# 68 gto paperwork



## Tdracer (Jan 2, 2020)

I found some paperwork for a gto purchased new in Milwaukee. How can I find owner if there is one. Thanks


----------



## integrity6987 (May 10, 2017)

Here is an idea. Contact Pontiac Historical Services (PHS Historic Services) and talk to them. I would think they MIGHT be able to determine if they have ever provided info on a specific VIN (and when). That would indicate to me the car is still being cared for by someone.

If yes - they MIGHT be willing to let you know who so you can track the car down. Though that might not be the current owner (as in my case - my PHS was ordered by the previous owner). I'm certain the current owner would be thrilled to get original paperwork and it is very nice of you to make the attempt at finding them.

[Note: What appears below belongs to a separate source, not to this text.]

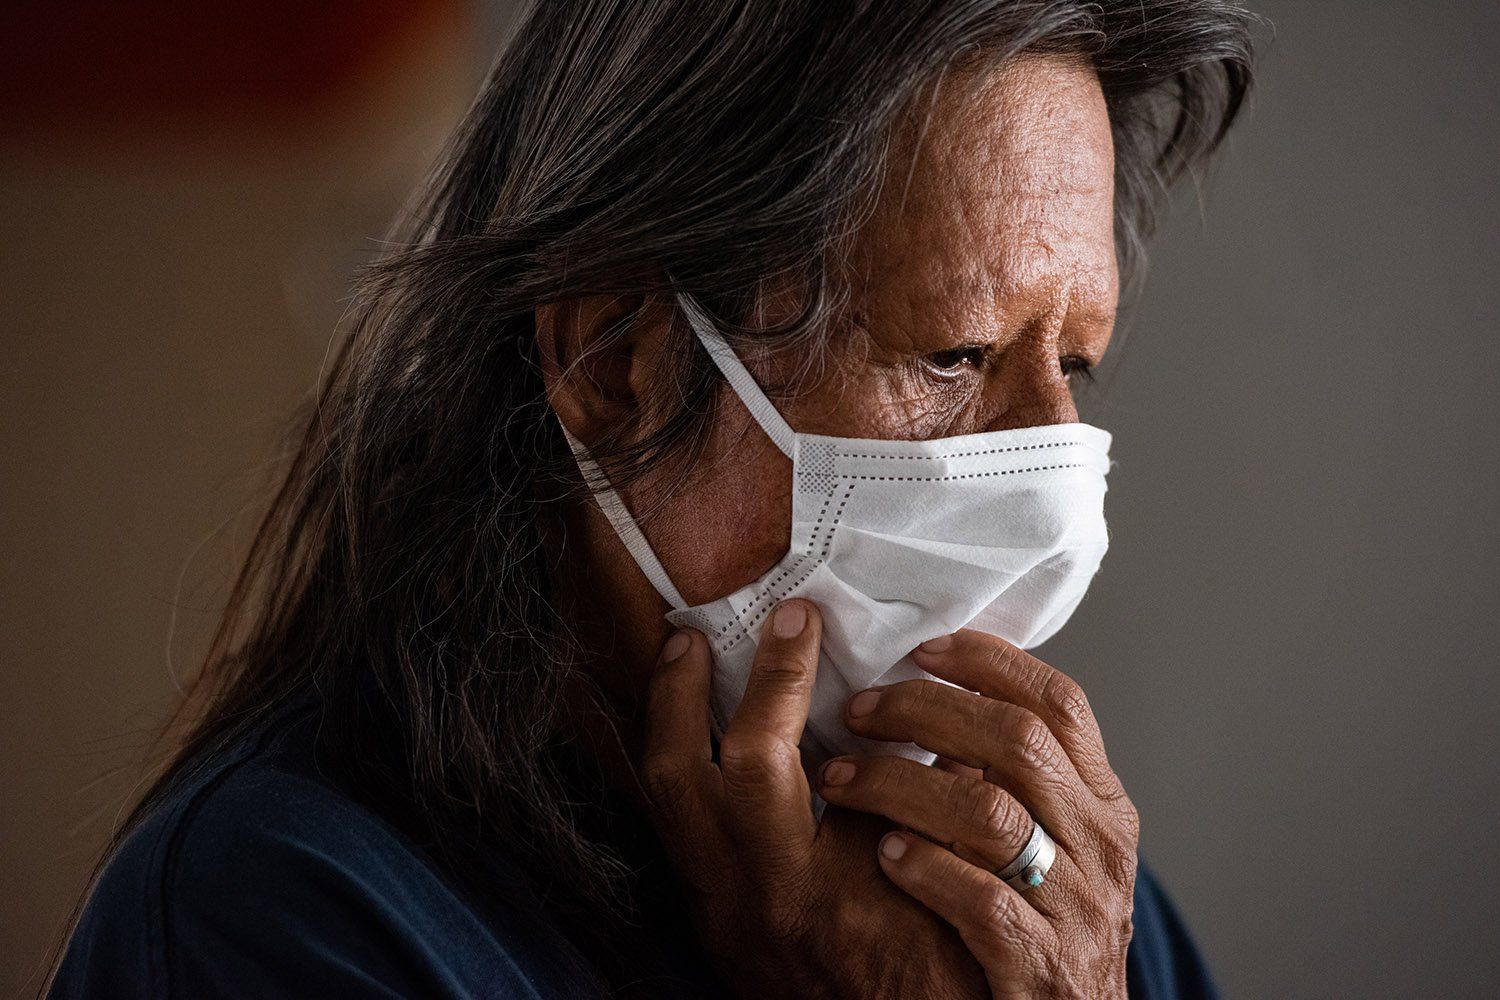 Brenda Beyal, a member of the Navajo Nation, adjusts her mask while quarantining at the Howard Johnson motel

People in the car hobby are generally pretty cool; but sharing personal info can sometimes be a barrier.

However, it is more likely the GTO went to the scrap heap long ago...


----------



## Tdracer (Jan 2, 2020)

integrity6987 said:


> Here is an idea. Contact Pontiac Historical Services (PHS Historic Services) and talk to them. I would think they MIGHT be able to determine if they have ever provided info on a specific VIN (and when). That would indicate to me the car is still being cared for by someone.
> 
> If yes - they MIGHT be willing to let you know who so you can track the car down. Though that might not be the current owner (as in my case - my PHS was ordered by the previous owner). I'm certain the current owner would be thrilled to get original paperwork and it is very nice of you to make the attempt at finding them.
> 
> ...


----------



## Tdracer (Jan 2, 2020)

Thanks, I may try that or find a local Pontiac guy that wants it. I don’t know where I got the stuff, was just doing some cleaning and found it. Probably came with some project I bought. I know what old papers are all about, I’ve got a 69 Roadrunner Rag Top that came with original title and window sticker.


----------